Background: Based on our previous work demonstrating that interactions between TIGIT + SLAMF7 + Tfh2 cells and SLAMF7 + B cells in peripheral blood mononuclear cells (PBMCs) from patients with IgG4-related disease (IgG4RD) drive differentiation into IgG4-secreting plasma cells.
Objectives: This study aimed to spatially define the pathogenic mechanisms underlying IgG4-producing plasma cell differentiation within IgG4RD mass-forming tissues. To this end, we applied spatial transcriptomic and proteomic profiling to IgG4RD-involved lymph nodes and salivary glands to map pathogenic cellular niches and cell–cell interactions governing IgG4 plasma cell differentiation in situ.
Methods: We employed spatial transcriptomic (Visium HD) and spatial proteomic (MACSima) platforms to systematically compare IgG4RD mass lesions in lymph nodes and salivary glands with normal control tissues, aiming to define the cellular interactions and spatial mechanisms driving the deposition and accumulation of IgG4-secreting plasma cells in IgG4RD.

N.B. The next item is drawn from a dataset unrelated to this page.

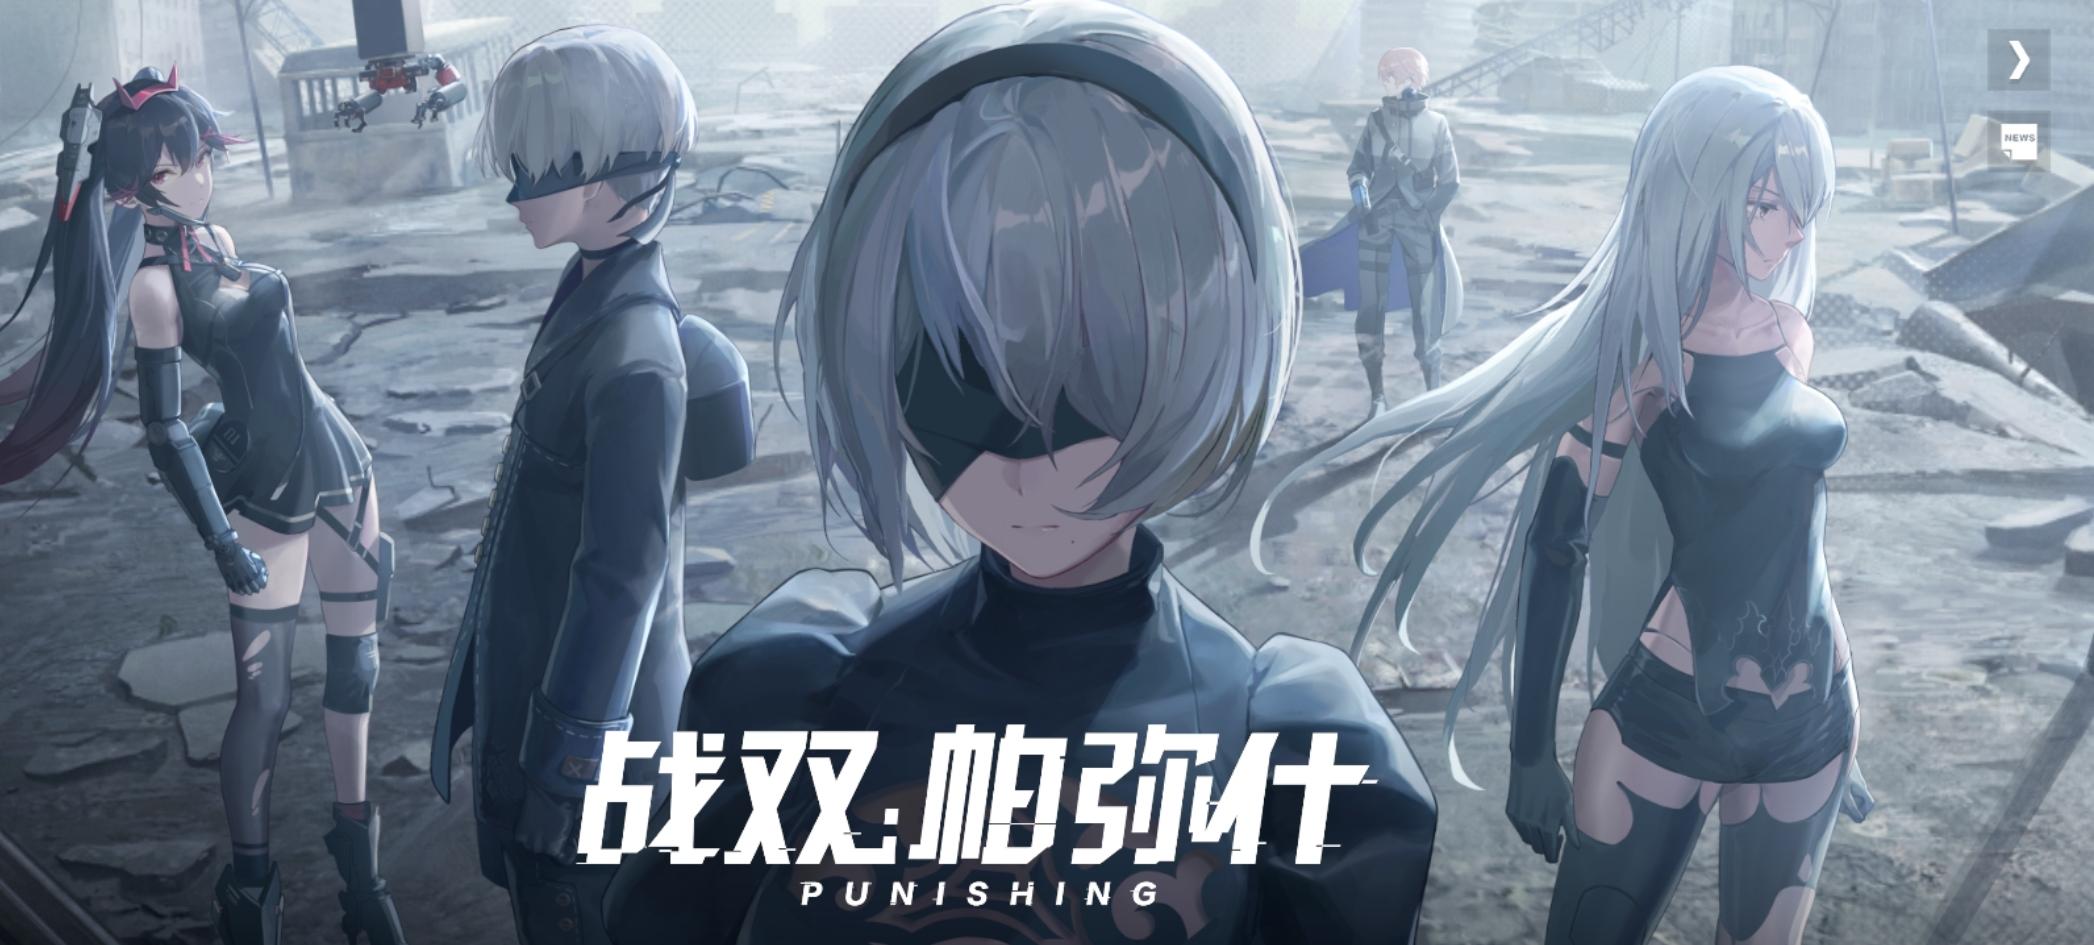 Punishing 1112021 1
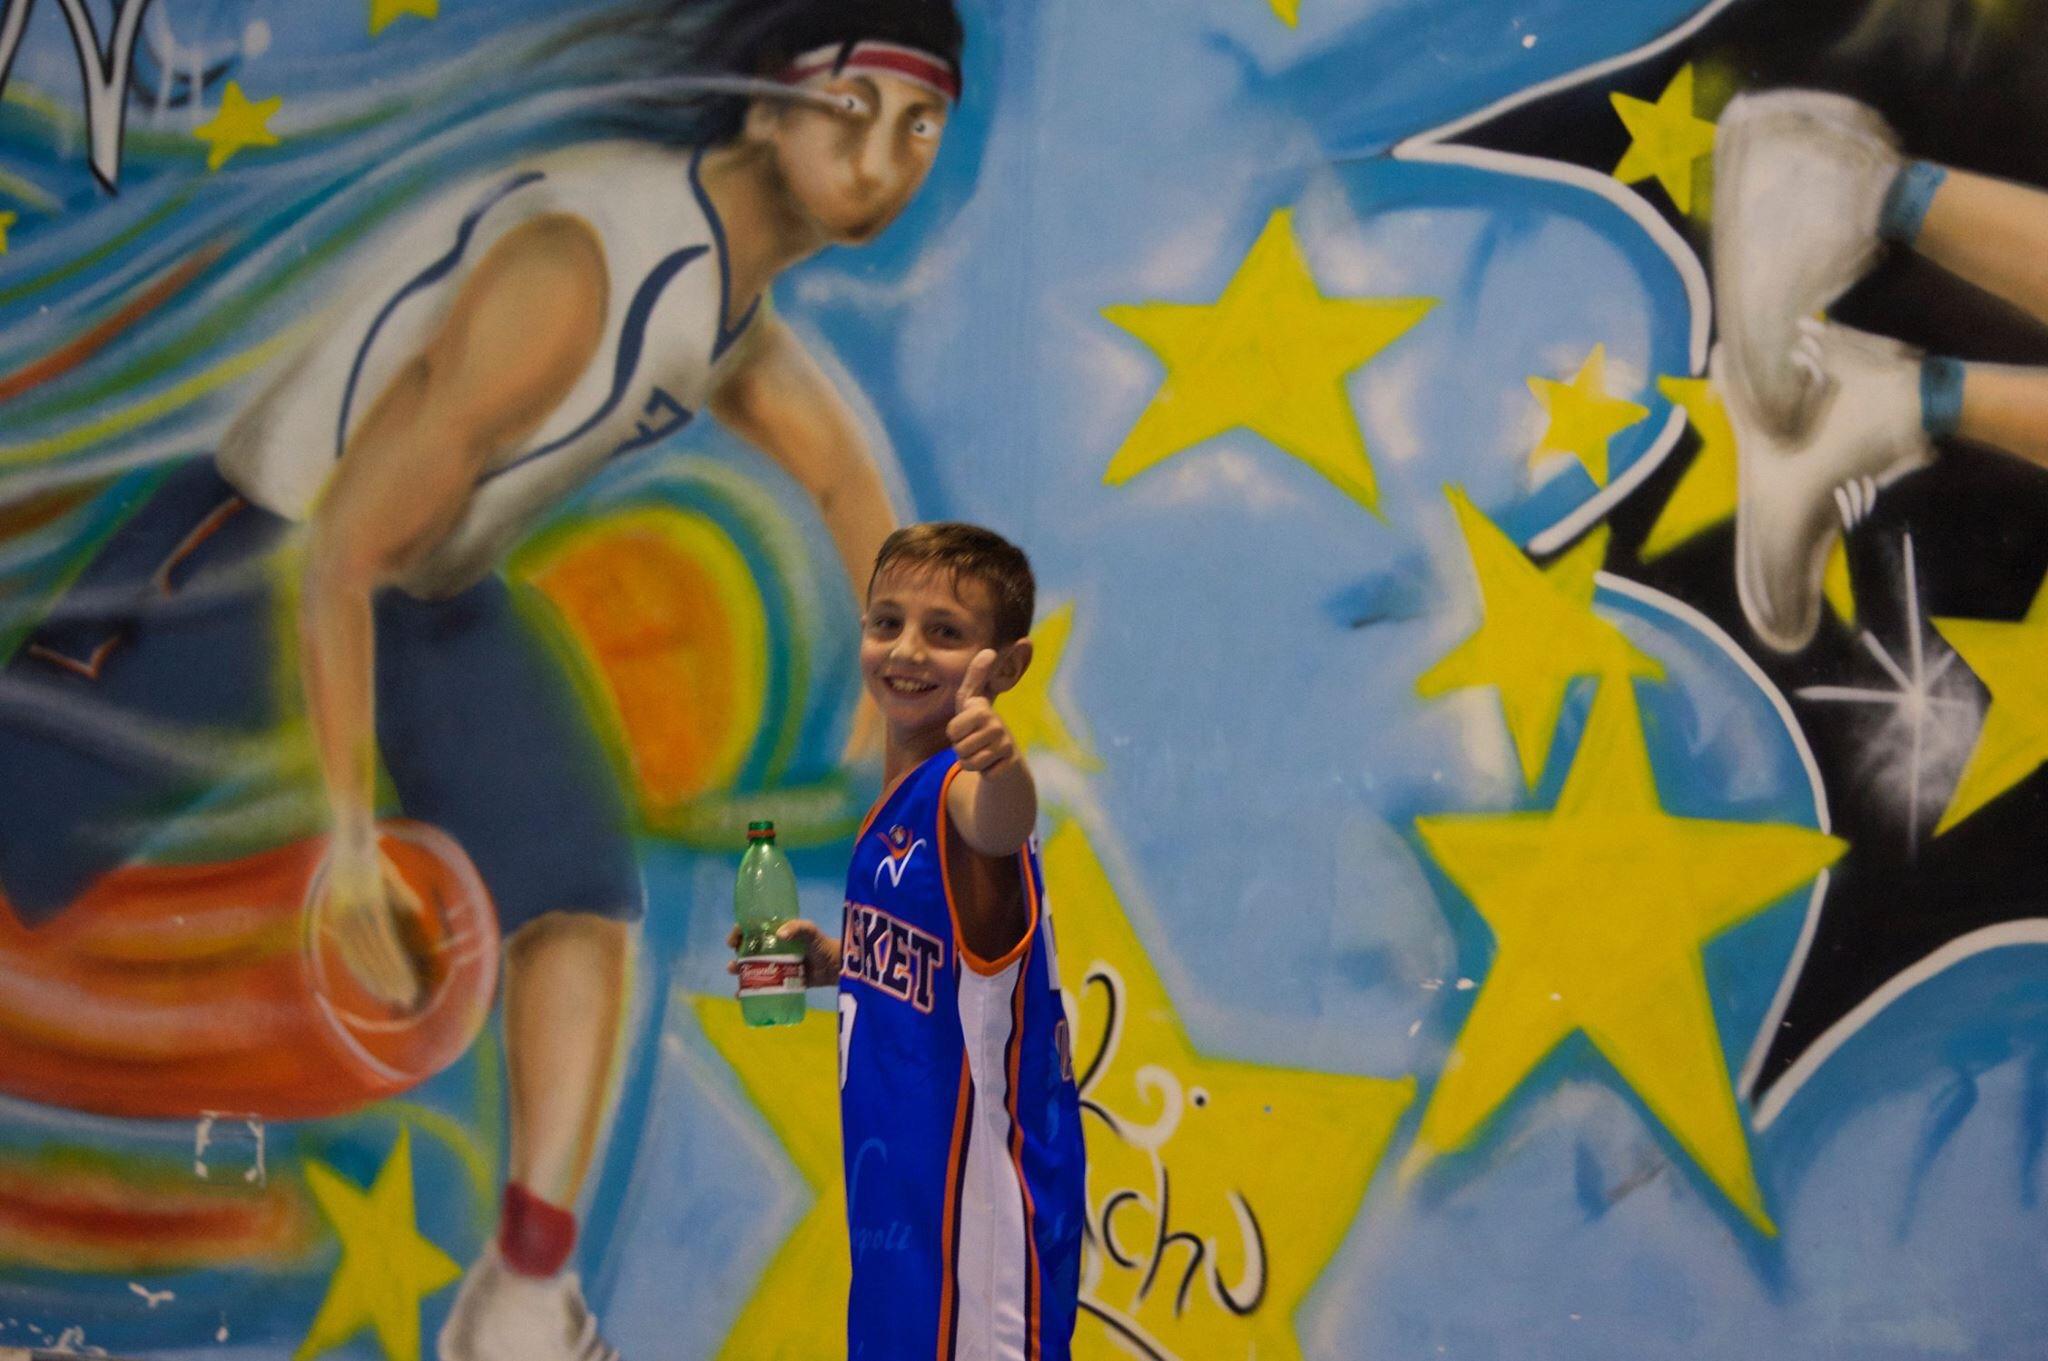 Prima Divisione: Vivi Basket inizia l'anno con una bella vittoria

Results: Spatial transcriptomic analysis revealed that clusters of TIGIT + SLAMF7 + Tfh2 cells and SLAMF7 + B cells were significantly expanded in IgG4RD mass-forming tissues compared with controls, accompanied by marked upregulation of SLAMF7 transcripts mediating cell–cell interactions. In parallel, IgG4 + plasmablast/plasma cell clusters were prominently expanded, with a significant increase in tissue IgG4 accumulation in IgG4RD lesions. These findings were validated by spatial proteomic analysis, which demonstrated direct interactions between TIGIT + SLAMF7 + Tfh2 cells and SLAMF7 + B cells, occurring at significantly higher frequencies in IgG4RD tissues than in controls. Ligand–receptor analysis identified these interactions to be mediated through the SLAMF7–SLAMF7 signaling axis. Notably, IgG4 deposition was enriched in the immediate spatial vicinity of these interacting cellular niches, indicating a tight spatial coupling between cellular interactions and pathogenic IgG4 production. Functional validation using in vitro co-culture experiments showed that blockade of SLAMF7-mediated Tfh2–B cell interactions significantly reduced differentiation into IgG4 + plasmablasts, supporting a causal role for SLAMF7-dependent Tfh2–B cell interactions in IgG4 plasma cell differentiation.
Conclusions: This study demonstrates that TIGIT + SLAMF7 + Tfh2 cells and SLAMF7 + B cells are selectively enriched within IgG4RD mass-forming tissues, accompanied by an increased IgG4/IgG + plasma cell ratio. Their spatial coexistence and interaction support a model in which SLAMF7-mediated Tfh2–B cell interactions promote local differentiation of IgG4-secreting plasma cells. Collectively, these findings define a previously unrecognized tissue-specific immune niche in IgG4RD and highlight SLAMF7 as a promising disease-specific therapeutic target and spatially informed biomarker.
REFERENCES: NIL.
Acknowledgments: NIL.
Disclosure of Interests: None declared.